• Thu
  • Aug 28, 2014
  • Updated: 7:20am

Attack will not derail African strategy, say experts

PUBLISHED : Thursday, 26 April, 2007, 12:00am
UPDATED : Thursday, 26 April, 2007, 12:00am

The risk of violence for its workers in Africa would not stop China's expansion of trade and investment with the continent, experts in international relations said yesterday.


The remarks came a day after rebels from the Ogaden National Liberation Front attacked an oil exploration site run by a subsidiary of China Petroleum & Chemical Corp in eastern Ethiopia, killing nine Chinese workers (Xinhua says seven) and 65 locals. Another nine Chinese workers were kidnapped. In March, two Chinese workers were kidnapped in Nigeria and are still missing. In February, 14 Chinese workers with a Chinese oil company were abducted and released in the same country.


Shu Yunguo , director of the Centre of African Studies at Shanghai Normal University, said closer economic ties between China and African countries were an 'unstoppable trend' and would not be affected by Tuesday's attack.


'Chinese workers were the victims of an internal conflict in Ethiopia. The incident will not have a big impact on Beijing's long-term strategy of developing economic ties with Africa,' Professor Shu said.


Zhang Xiaodong , senior research fellow at the Institute of West Asian and African Studies, under the China Academy of Social Science, said China as the so-called 'world factory' had little choice but to import energy and resources.


'We all know importing crude oil from Saudi Arabia is safe but China can't really do that because the market has been monopolised by western companies. There is little option left,' he said. 'It's why China has to deal with Sudan or Iran when other countries are denouncing them.'


China has increased its presence in Africa in recent years with big oil exploration and infrastructure projects.

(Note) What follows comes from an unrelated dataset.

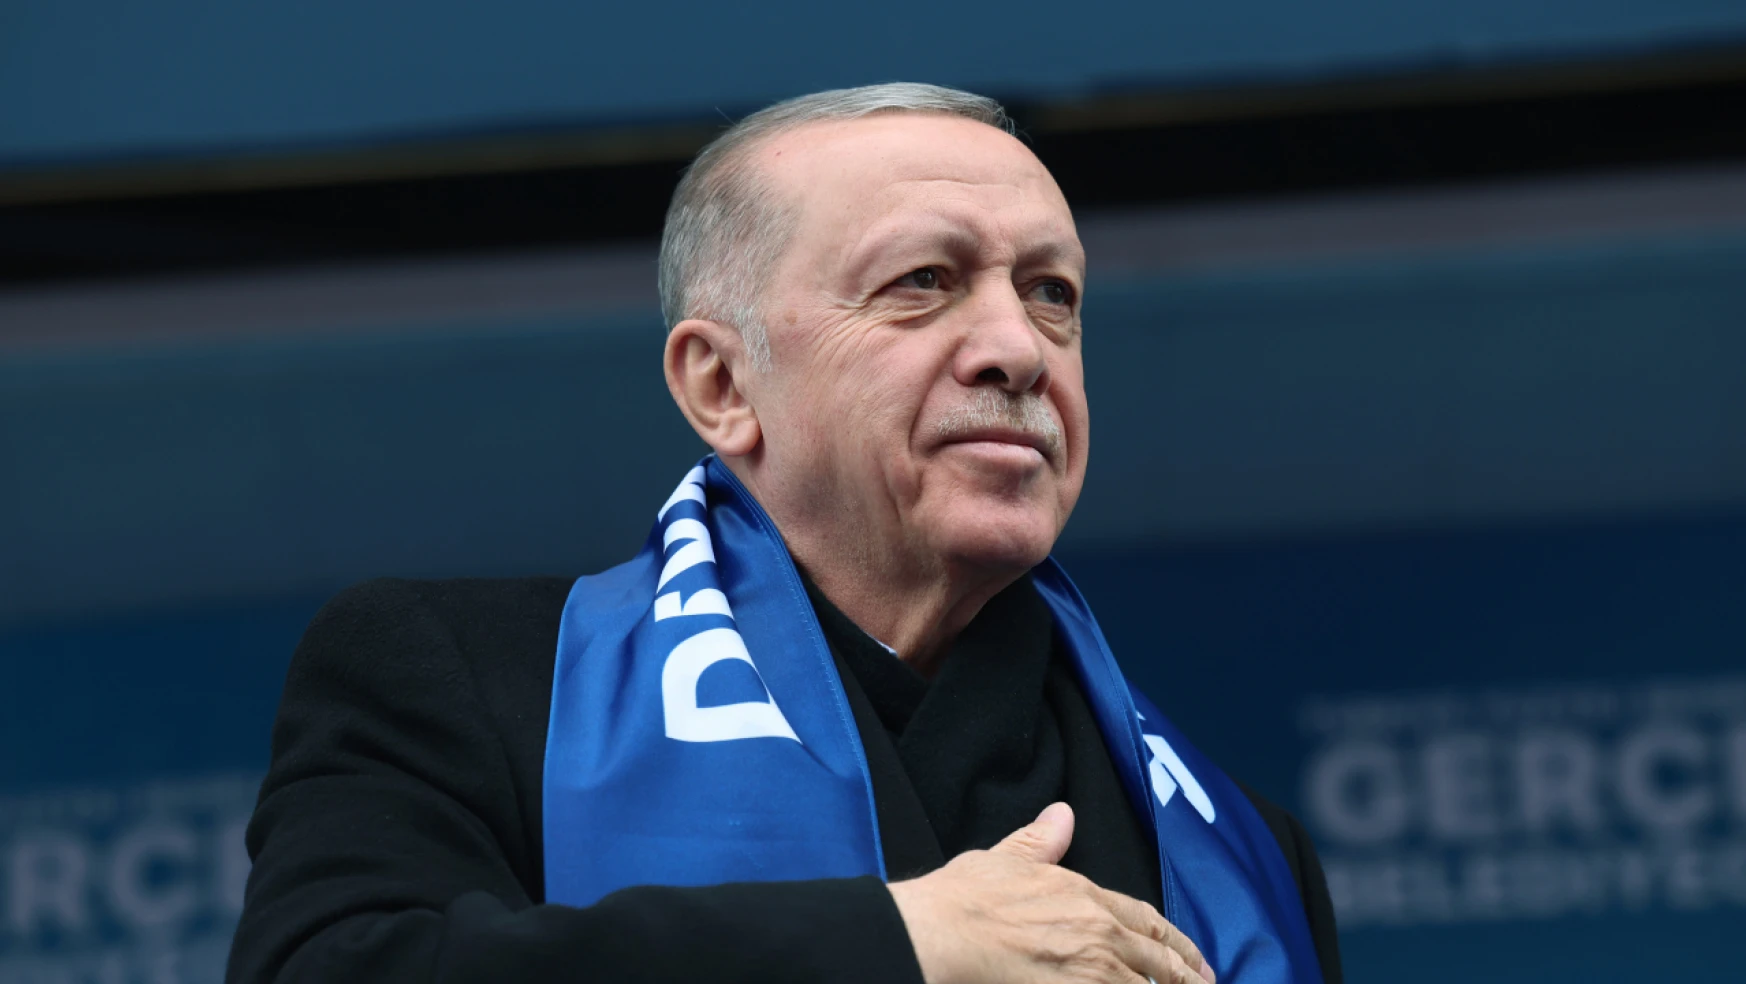 Cumhurbaşkanı Erdoğan'dan emeklilerle ilgili açıklamalar

Official figures show China had invested US$6.27 billion in Africa by 2005, mostly in oil exploration. Five per cent of China's crude oil imports come from Sudan and 13 per cent from Angola.


Professor Shu said although the current investments in Africa were win-win for both parties, China would gradually change its investment focus from energy and raw materials to other sectors such as education to make the investment more beneficial to locals.


Beijing has been strongly criticised by western countries for wooing Africa with billions of dollars of debt waivers and big infrastructure projects while ignoring human rights violations. But Chinese leaders insist China has improved the well-being of countries where it invests.


For example, Chinese People's Political Consultative Conference chairman Jia Qinglin , who is on a tour of four countries in the continent, said on Tuesday that 20 per cent of Africa's economic growth was attributed to trade with China.


Professor Zhang said Chinese companies should contribute to local communities instead of acting like the colonists of the past.